# Thinking about ending our engagement...



## 30somethingguy (Mar 31, 2008)

Hi all. I found this forum after searching for one on relationships on google. I actually contribute regularly to another such place BUT this is something I want to put before people who don't really 'know' me... and which I know my fiancee won't read.

Basically, I'm engaged to be married this summer to my fiancee. We've been together over 2 years and have had a mostly perfect relationship. We've had our fights and arguments, but we always worked things out. She is my best friend and someone very special and unique to me. I am truly in love with her. Marriage had long been on the cards and finally I proposed and she said yes! To be honest, I think she had been waiting a long time for it and I was just dragging my feet waiting for the right time. Since it is mostly an LDR though the 'right times' were not so obvious. But, we are engaged to proposing is all done and dusted.

But.... I am having second thoughts about whether I should really marry her. I feel like a cheat and a coward even thinking like this, because if we break up now I'm going to *really* hurt her, and myself, and I'm having no luck really justifying my thoughts. But they won't go away.

Basically, the relationship is fine as far as it goes, but it doesn't go far enough in some ways. Also, I just feel sometimes that I'm leaping into marriage and family and homelife too soon in my life. There are a list of things I'd be doing/aiming to do if I was single again and now I'm engaged/soon to be married I will never do those things.... Now, I think that any relationship requires a degree of compromise from both partners and we do compromise. I think she's worth it and I'm sure she thinks the same as me. But, as I said, sometimes I have these doubts about that...

I'm not sure where to start, so these are not in order of importance.

Sex - we do regular sex. And that's about it. It's ok, I enjoy it, she enjoys it less, but we both are beginners and still getting better at it. I'm not at the point where I'm really getting her off during sex, but she's understanding and supportive and totally doesn't pressure me about performance. I'm not the one-minute wonder I used to be but still not at the point I'm ringing her bell 3x a night... practise makes perfect. I would like more variety though. No1 thing is she does not want to try oral sex. Not for me,and she doesn't want me doing it for her (something she's never experienced). I guess I can understand her not wanting a mouthful, but she won't even try. And she won't let me try going down on her. Everything I've read says this is something that can really please a woman and help her orgasm and I want to do that, but she says no. Also, she doesn't even like me looking down there.... I look anyway, she's perfectly normal and everything but really feels uncomfortable about it. I feel sad about this.

Secondly, she won't dress up in anything I like her to. I don't get this, and I've stopped arguing about it because she can be a bit alpha-female at times. Anyway, if I said I thought some piece of clothing or lingerie is sexy, or a like a certain look or fashion, its like she seems to think I want to change *her* and pretend she's someone else. She hates that and so won't do it. I find her very attractive and I like what she *does* wear, but really, somethings turn me on and she won't go there.

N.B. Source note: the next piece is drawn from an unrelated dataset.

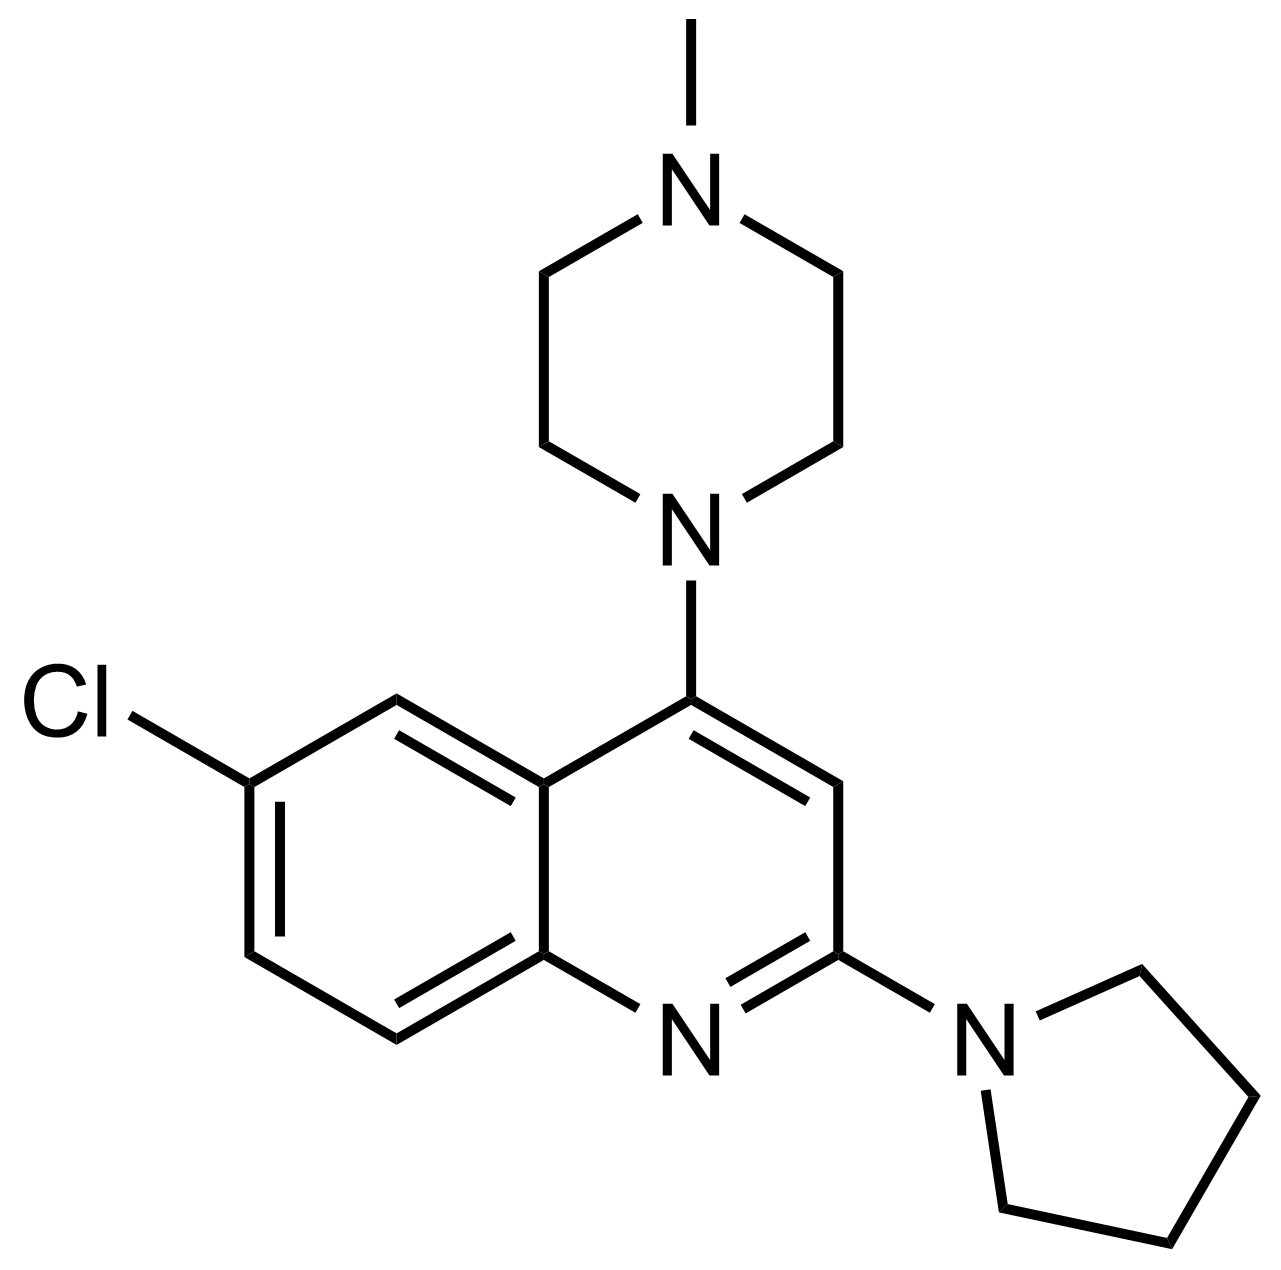 Structure of 6-Chloro-4-(4-methylpiperazin-1-yl)-2-(pyrrolidin-1-yl)quinoline
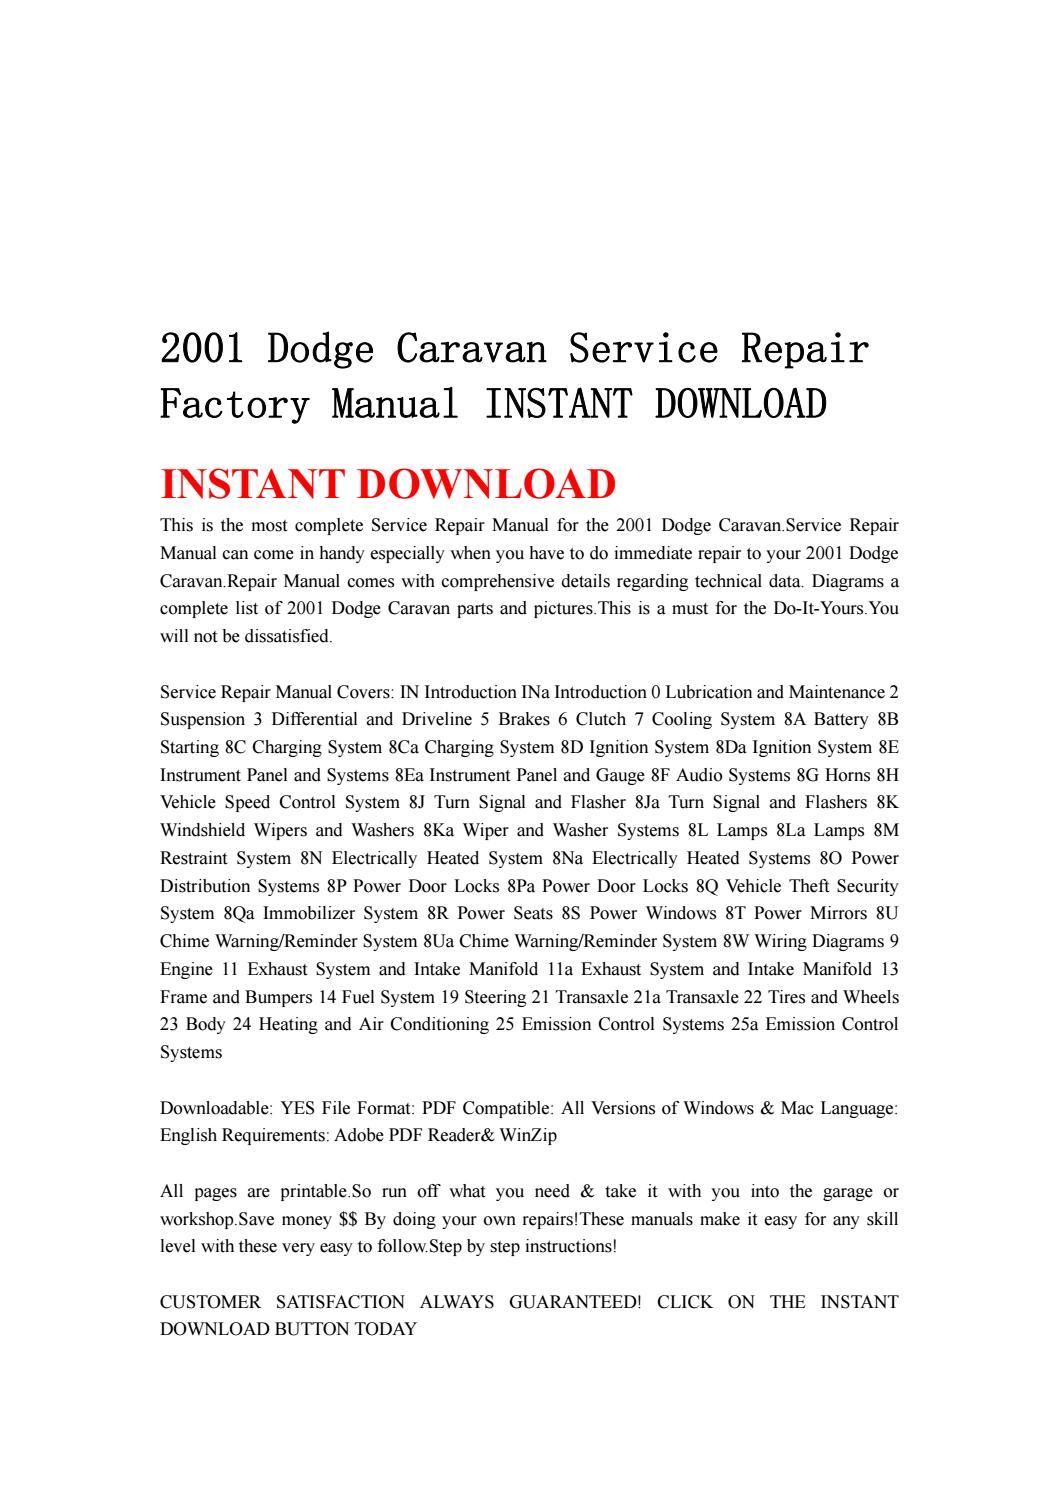 2001 dodge caravan service repair factory manual instant download by  kjjsemfmse - issuu

Also, this isn't so important, but i wish she enjoyed porn. It doesn't have to be any kind of stupid 'guy' porn.... (fake lesbians) but I enjoy it form time to time (and she doesn't mind that) but I wish we could enjoy it together. I know lots of couples do (and lots that don't, of course).

In the more 'out there' categories... I never went to a strip joint, ever. In all the years I had the chance, I never had the urge to go. Honestly it never crossed my mind. But, these days, I do have the urge. Not sure why, I think I would just like to say 'been there, done that' but this is something that is totally off limits. she's made it clear, a long time ago, that going to a strip joint and/or getting a lap dance is cheating and my ass is grass if I do. I've always been committed to respecting her boundaries but i can't help feeling this is something i wish she'd let me do. It's not like I'd accept sexual favours or try and take one home with me...

Two things that really are out there and off limits - I'd love to try a threesome some time. She has said 'no way, not ever, don't dare even ask again'. She's not bi or anything, and doesn't see it as anything other than a form of cheating. I can see her point of view and respect it and never plan to bring it up ever again. But in my heart, it's something I want...

lastly, I'm bi-curious myself. Nothing very strong, probably could and will go my whole life and never mention it let alone do something... cheating is cheating, whoever it is with. But I wish I could at least tell her how I feel. But I know (because of something assholish I said a long time ago about how to dump a girl by pretending you're gay) that this would not go down at all well. Not worth the risk even of an argument. But if I was single...........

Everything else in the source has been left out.